This script computes conservation score per aminoacid for a protein.
Many thanks to authors of BLAST+ suite, CD-HIT, MUSCLE and Jensen-Shannon divergence method. This script is based on ConSurf DB and ConCavity paper
- Download BLAST+ suite from here.
- Install/unpack the BLAST+ archive and make sure your directory is PATH.
- Download CD-HIT from here.
- Unpack CD-HIT archive, run make command and make sure cd-hit is in PATH.
- Download MUSCLE from here.
- Unpack MUSCLE archive and add the directory to PATH.
- Download python script for Jensen-Shannon divergence method from here.
- Finally, unpack the pipeline archive from this repository.
- Copy the archive contents to the directory where Python script for Jensen-Shannon divergence (
score_conservation.py
) is located.
- Create a directory where you want to store the databases.
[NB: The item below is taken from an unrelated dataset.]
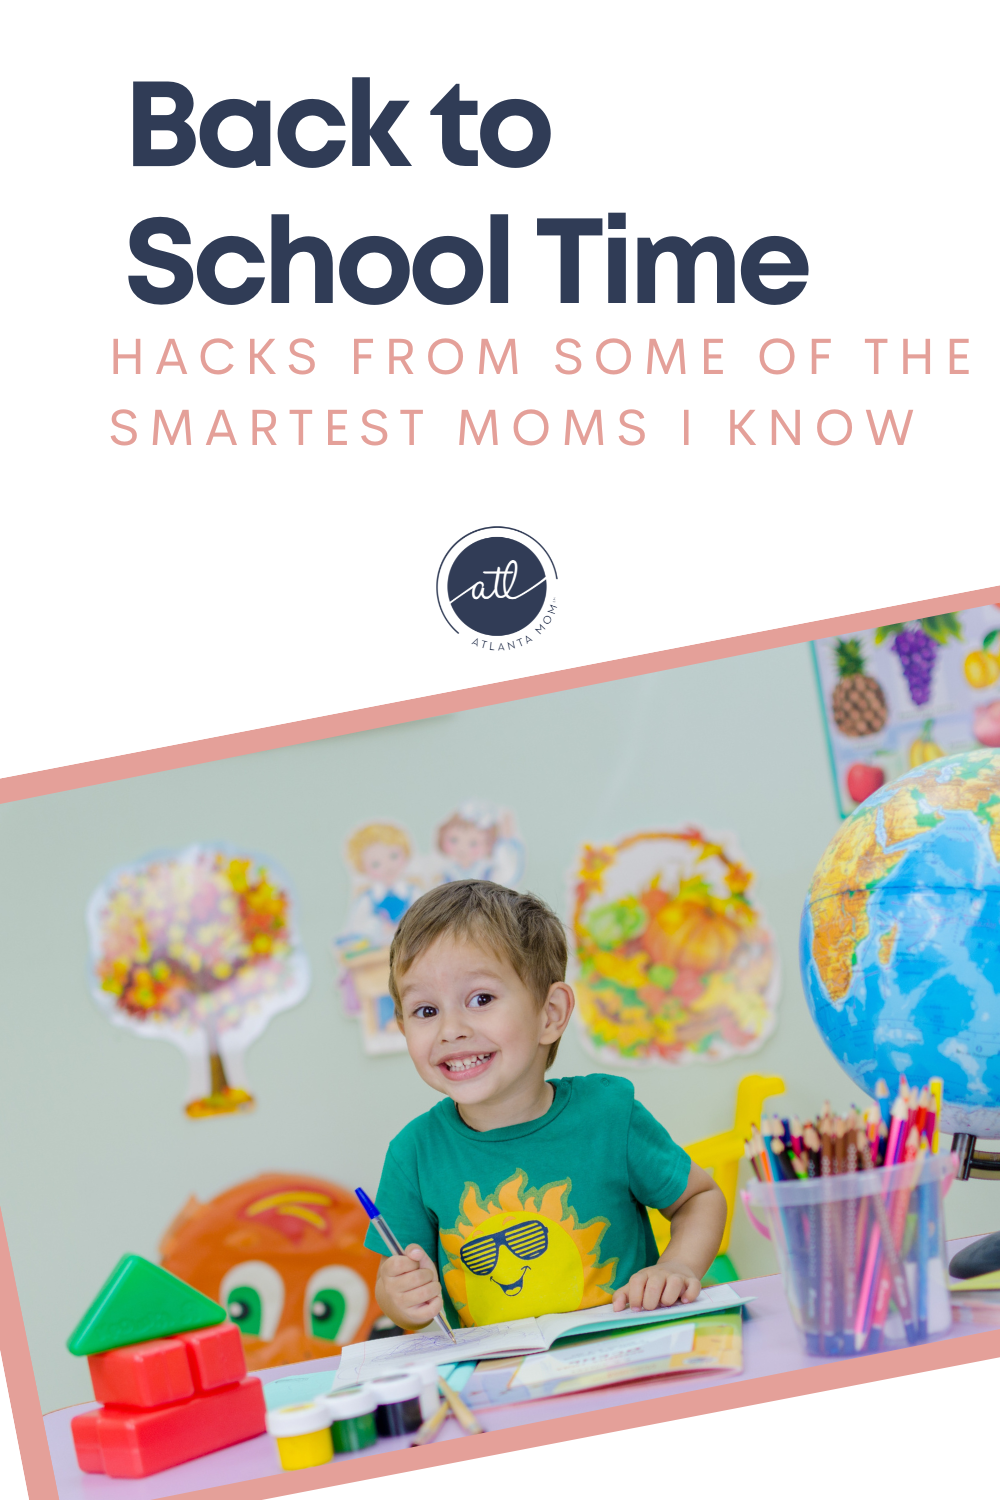 Back-to-School Time Hacks from Some of the Smartest Moms I Know

- Add environmental variable
BLASTDB={path to the directory}
- Change directory to BLASTDB directory and run these commands. Each command will download and parse one database. We recommend to use SwissProt and UniRef90, but using TrEBML instead of UniRef90 is also possible. Note that it will take a lot of time.
curl {UniRef90 URI} | gunzip | makeblastdb -out uniref90 -dbtype prot -title UniRef90 -parse_seqids
curl {SwissProt URI} | gunzip | makeblastdb -out swissprot -dbtype prot -title SwissProt -parse_seqids
curl {TrEMBL URI} | gunzip | makeblastdb -out trembl -dbtype prot -title TrEMBL -parse_seqids
- cd to the directory where you copied
calc_conservation.sh
. - Run this command:
./calc_conservation.sh {path to your fasta file}
PSIBLAST is ran with your fasta input on SwissProt database (1 iteration, eval=1e-5).
The result is filtered (min 80% coverage and seq identity between 30% and 95%), then clustered with CD-HIT (default parameters).
If we are left with less then 50 hits, repeat the same for UniRef90 database.
Run MUSCLE and Jensen-Shannon divergence on the query hits.